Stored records

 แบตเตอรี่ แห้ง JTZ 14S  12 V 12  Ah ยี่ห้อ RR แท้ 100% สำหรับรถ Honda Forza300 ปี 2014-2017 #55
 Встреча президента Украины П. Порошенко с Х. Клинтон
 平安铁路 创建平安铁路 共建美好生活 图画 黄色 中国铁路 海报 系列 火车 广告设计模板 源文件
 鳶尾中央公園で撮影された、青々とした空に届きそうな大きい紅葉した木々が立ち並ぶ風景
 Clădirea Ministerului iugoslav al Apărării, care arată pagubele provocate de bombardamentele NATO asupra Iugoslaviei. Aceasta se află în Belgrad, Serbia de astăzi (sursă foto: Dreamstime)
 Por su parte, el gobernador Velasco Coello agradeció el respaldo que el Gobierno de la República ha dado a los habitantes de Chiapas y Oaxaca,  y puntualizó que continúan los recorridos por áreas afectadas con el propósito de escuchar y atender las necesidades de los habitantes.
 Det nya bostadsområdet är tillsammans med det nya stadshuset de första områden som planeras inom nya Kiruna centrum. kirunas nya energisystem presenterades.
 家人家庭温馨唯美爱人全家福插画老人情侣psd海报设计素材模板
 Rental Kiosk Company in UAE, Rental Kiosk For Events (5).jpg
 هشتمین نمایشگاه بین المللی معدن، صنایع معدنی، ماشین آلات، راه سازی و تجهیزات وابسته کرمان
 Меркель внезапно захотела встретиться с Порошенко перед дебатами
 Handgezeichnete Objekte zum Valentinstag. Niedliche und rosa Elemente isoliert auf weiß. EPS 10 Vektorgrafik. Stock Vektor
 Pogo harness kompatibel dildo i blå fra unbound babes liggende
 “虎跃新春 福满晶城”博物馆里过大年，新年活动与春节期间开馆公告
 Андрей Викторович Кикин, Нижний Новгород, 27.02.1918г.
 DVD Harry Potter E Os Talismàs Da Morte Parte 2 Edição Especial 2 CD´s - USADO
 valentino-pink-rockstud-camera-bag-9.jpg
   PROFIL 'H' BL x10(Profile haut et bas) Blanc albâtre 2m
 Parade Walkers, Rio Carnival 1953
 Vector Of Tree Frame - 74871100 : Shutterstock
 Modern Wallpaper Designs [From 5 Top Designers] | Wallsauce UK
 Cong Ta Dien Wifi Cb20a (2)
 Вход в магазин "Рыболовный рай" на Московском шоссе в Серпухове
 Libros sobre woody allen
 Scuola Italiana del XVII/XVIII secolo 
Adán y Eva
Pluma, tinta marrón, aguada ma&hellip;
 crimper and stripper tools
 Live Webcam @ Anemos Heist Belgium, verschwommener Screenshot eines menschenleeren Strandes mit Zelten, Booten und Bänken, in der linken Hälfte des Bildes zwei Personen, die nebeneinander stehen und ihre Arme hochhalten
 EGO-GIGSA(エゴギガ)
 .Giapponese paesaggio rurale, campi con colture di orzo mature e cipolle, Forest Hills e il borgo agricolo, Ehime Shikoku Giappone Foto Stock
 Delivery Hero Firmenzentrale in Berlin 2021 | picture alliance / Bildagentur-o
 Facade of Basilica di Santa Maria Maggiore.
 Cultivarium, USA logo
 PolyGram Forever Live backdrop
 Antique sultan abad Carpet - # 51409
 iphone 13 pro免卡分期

EXERCISE AIM:
What lines of the preceding data include the string "Порошенко"? Pull them out.

SOLUTION TO THE EXERCISE:
 Встреча президента Украины П. Порошенко с Х. Клинтон
 Меркель внезапно захотела встретиться с Порошенко перед дебатами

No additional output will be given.